* **GIVEN DATA**:
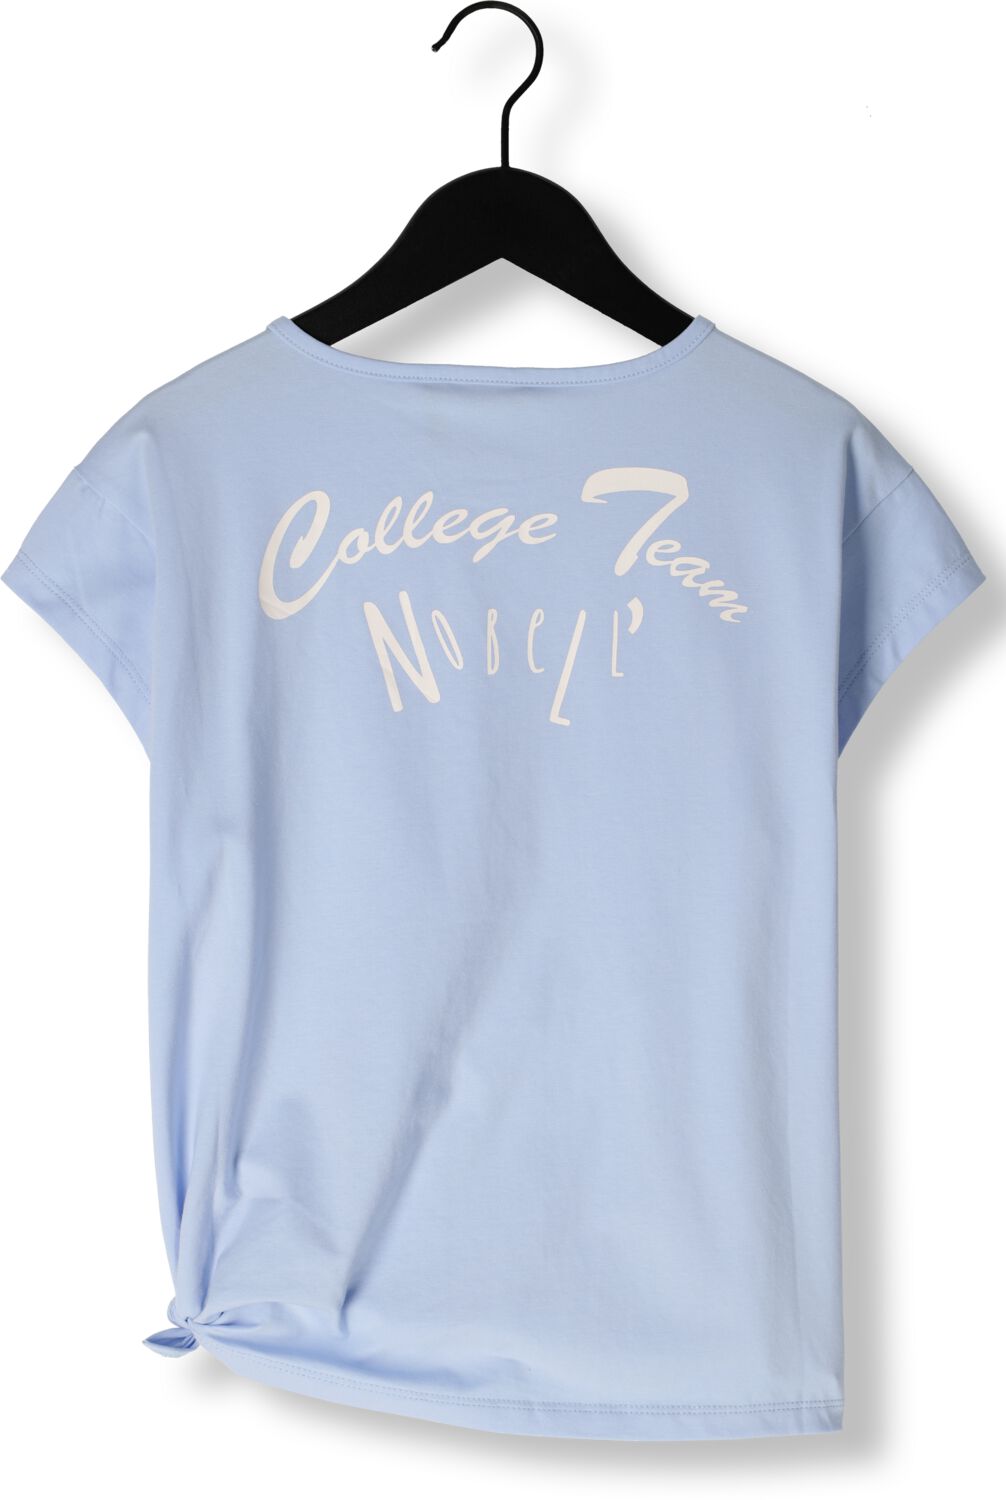 NOBELL Meisjes Tops & T-shirts Kasis Tshirt College Team With Knot Lichtblauw
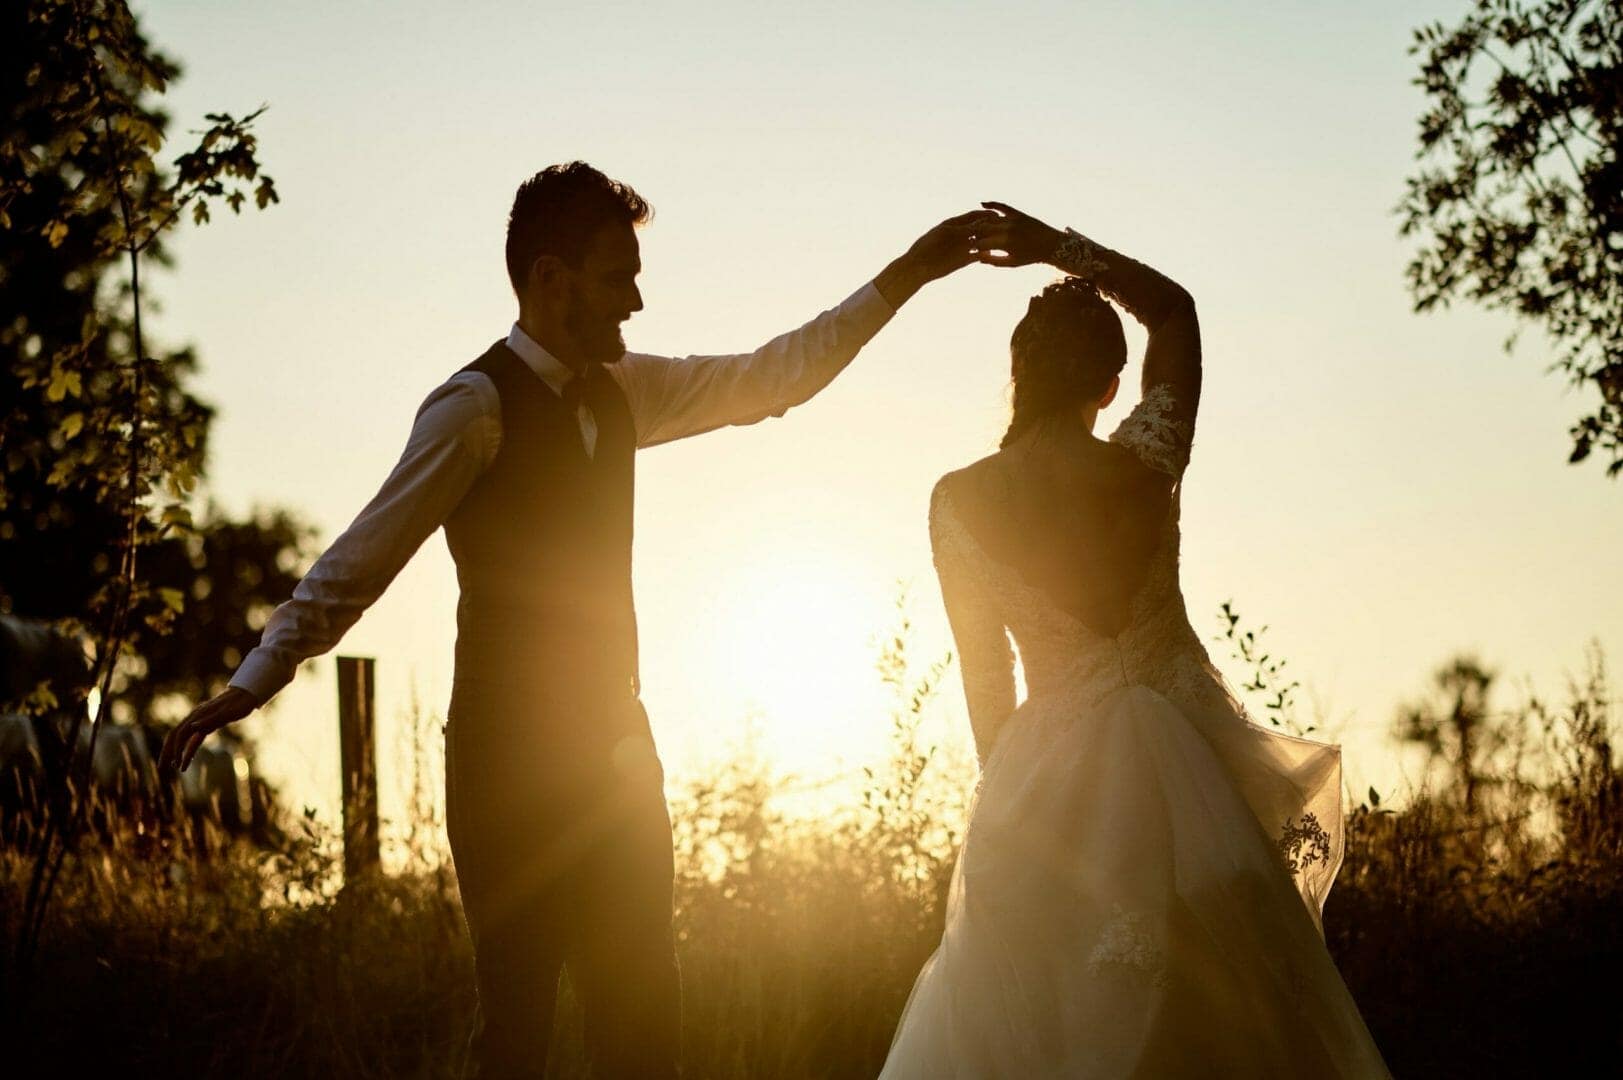 Golden hour photography at wedding
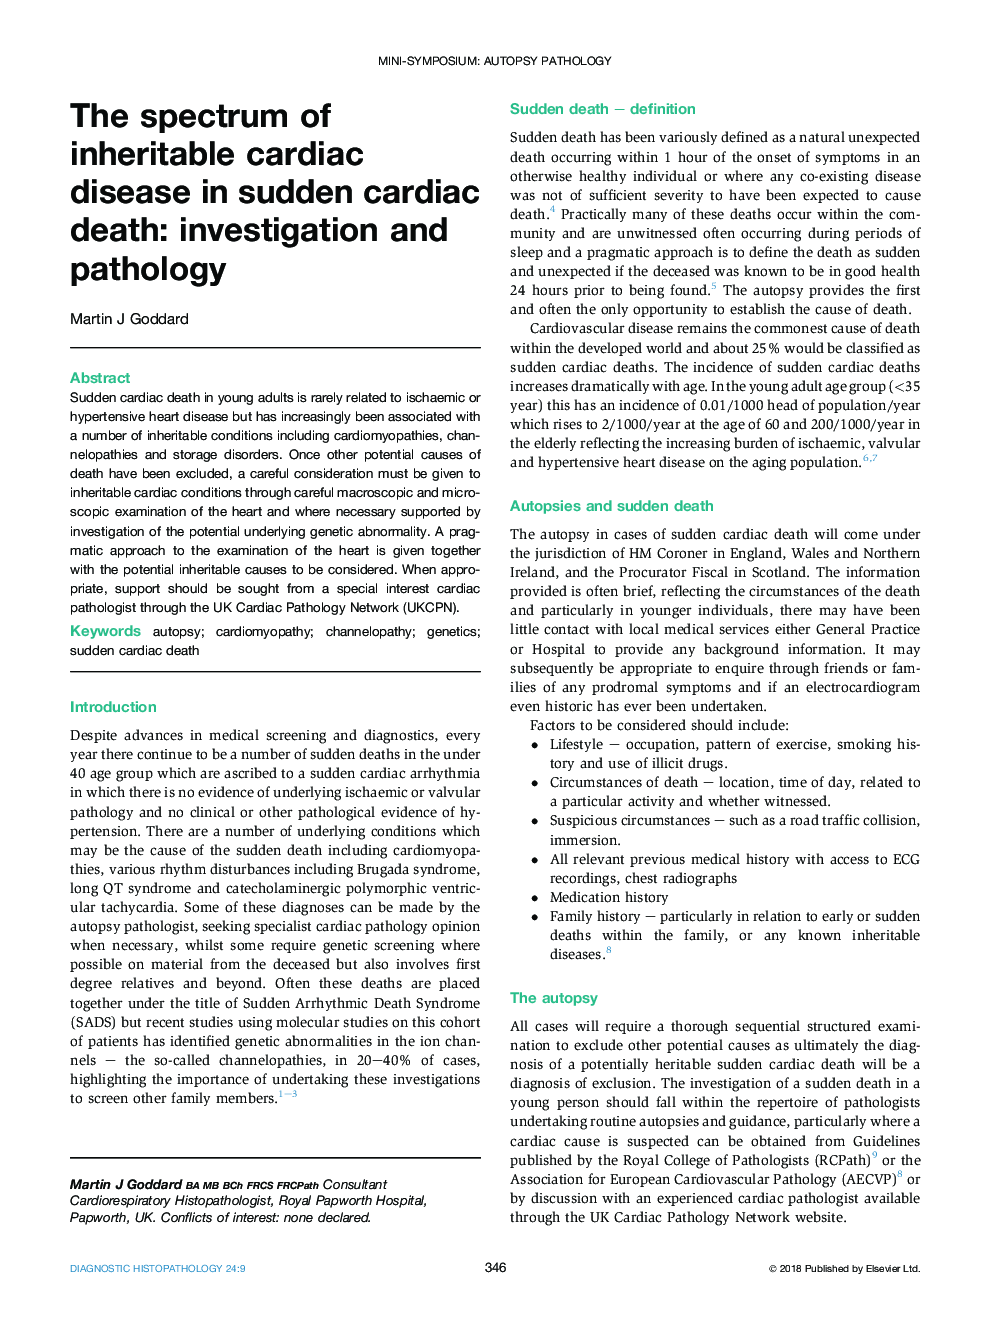 The spectrum of inheritable cardiac disease in sudden cardiac death: investigation and pathology

* **AIM OF THE TASK**: From the first line to the last, transcribe the listing exactly; skip the pictures.

* **ANSWER TO THE PROBLEM**:
 NOBELL Meisjes Tops & T-shirts Kasis Tshirt College Team With Knot Lichtblauw
 Golden hour photography at wedding
 The spectrum of inheritable cardiac disease in sudden cardiac death: investigation and pathology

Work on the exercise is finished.